Doggett was somewhat sobering up and he didn't like it. The more he spoke the more he felt less drunk. So he sipped his coffee slowly as he tried to stop crying. He was a mess, and he just didn't care.

"Dana, do you believe in prayer?"

"I believe that prayer can be a powerful thing, and that it can help people through troubled times."

"But do you think it works? Do you think there's someone up there counting how many times we pray for something, and if we pray enough times we get given it?"

"I don't know that it works like that, but I believe that we are rewarded for our recognition of the parts of our lives that are out of our control."

"Do you pray when you want something?"

"Sometimes. Not so much now. It feels wrong since I slipped away from my church."

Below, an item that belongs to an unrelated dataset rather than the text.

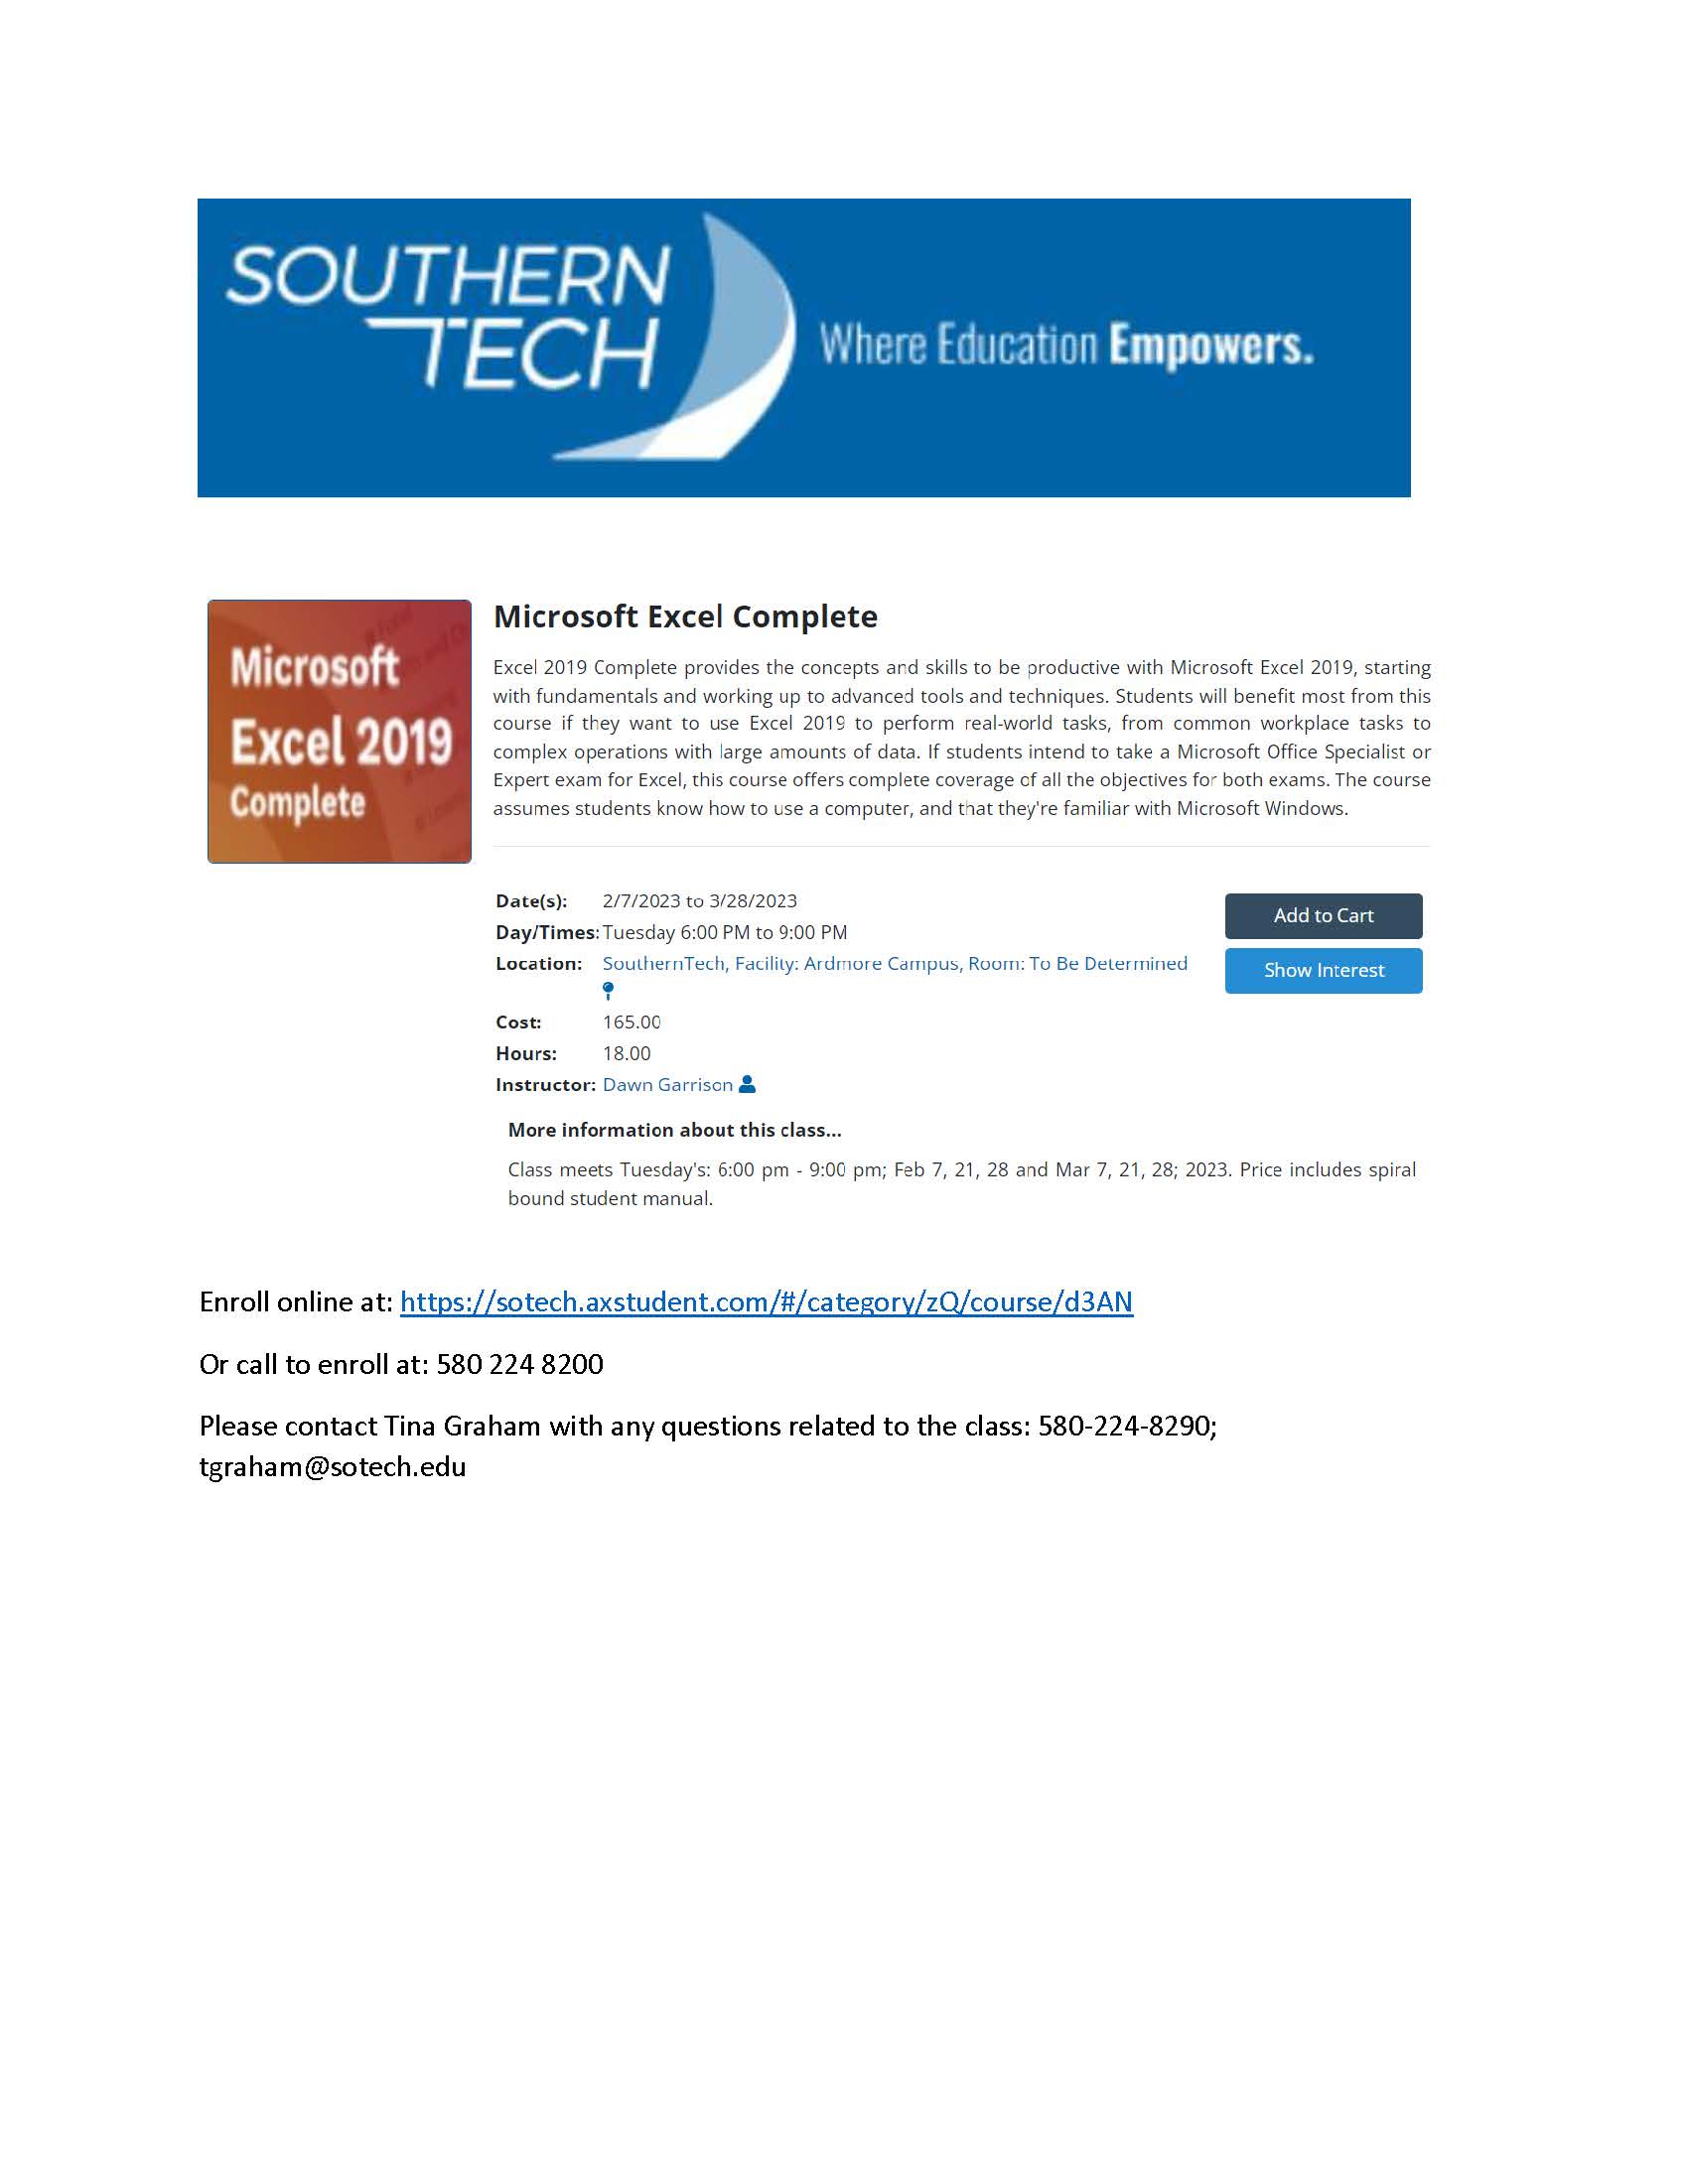 Southern Tech Flyer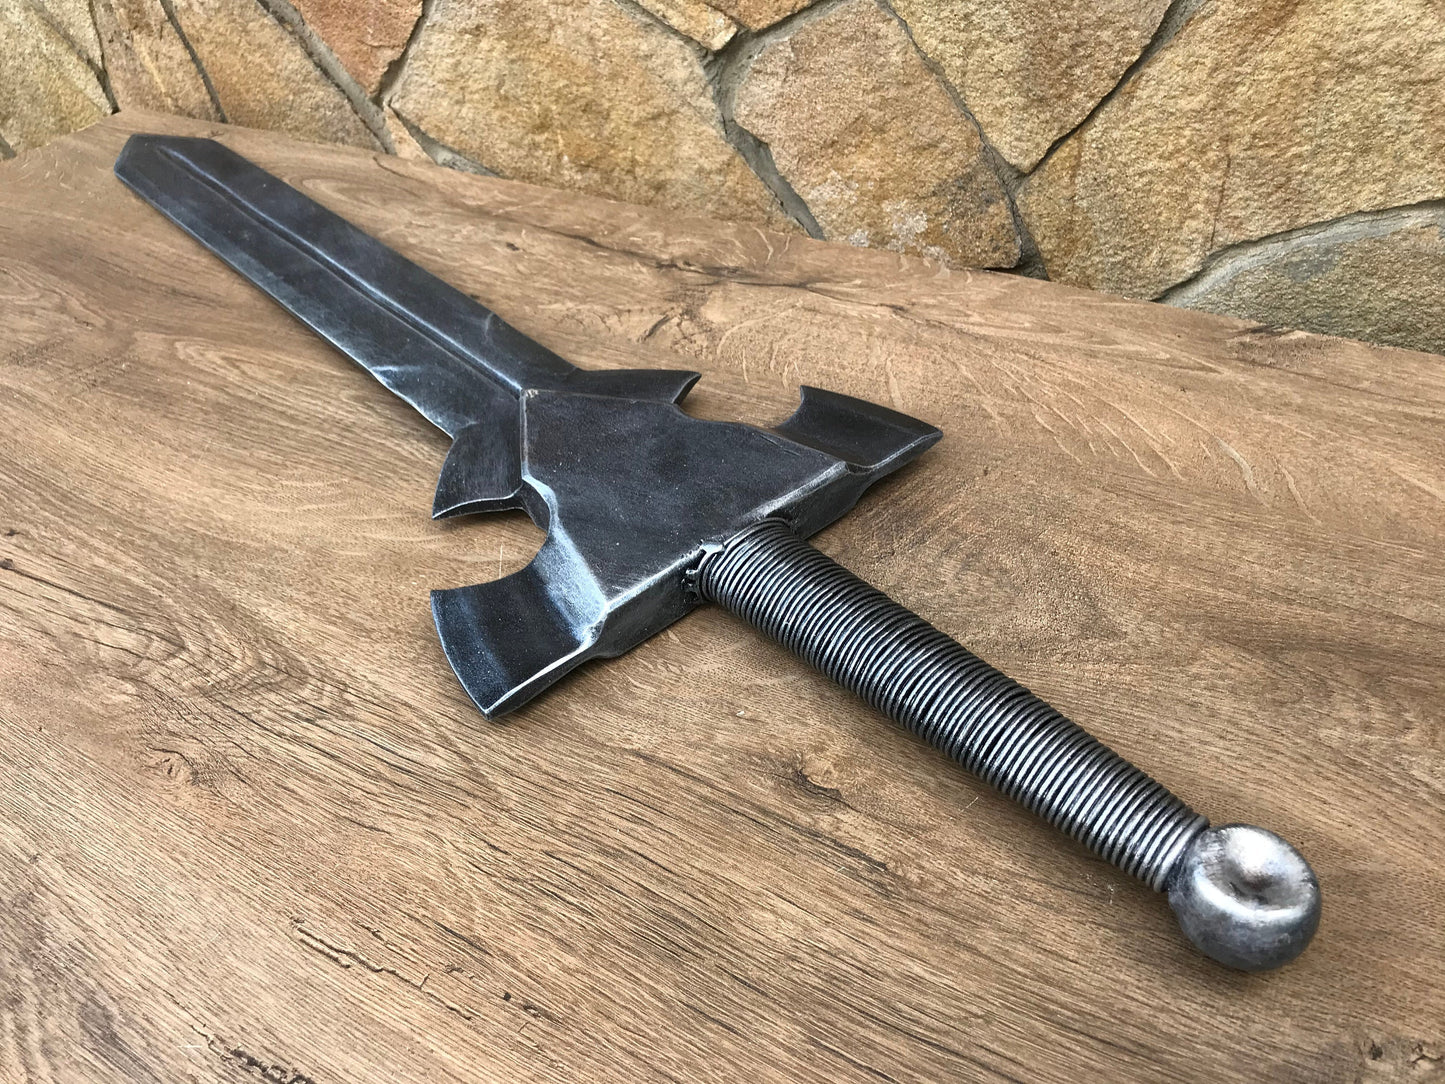 Decorative sword, cosplay sword, replica sword, viking sword, cosplay weapon, cosplay armor, viking axe,  gift for men, sword gift, axe

"Can I ask you to do something? Can I ask you to pray with me? For Monica?" Scully sat up and Doggett watched her carefully. If she said yes then he would actually freely believe that prayer would accomplish something, if she said no, then it didn't matter what any of them did. Monica was gone.

Scully looked at photograph in Doggett's hand, and then up into his tear stained eyes. She took his hand into her own and smiled softly as she began to cry. And they stayed this way until they fell asleep some time later, after both praying that Monica would be ok. Scully hoped that Doggett was right, if they prayed enough times someone somewhere must be keeping count.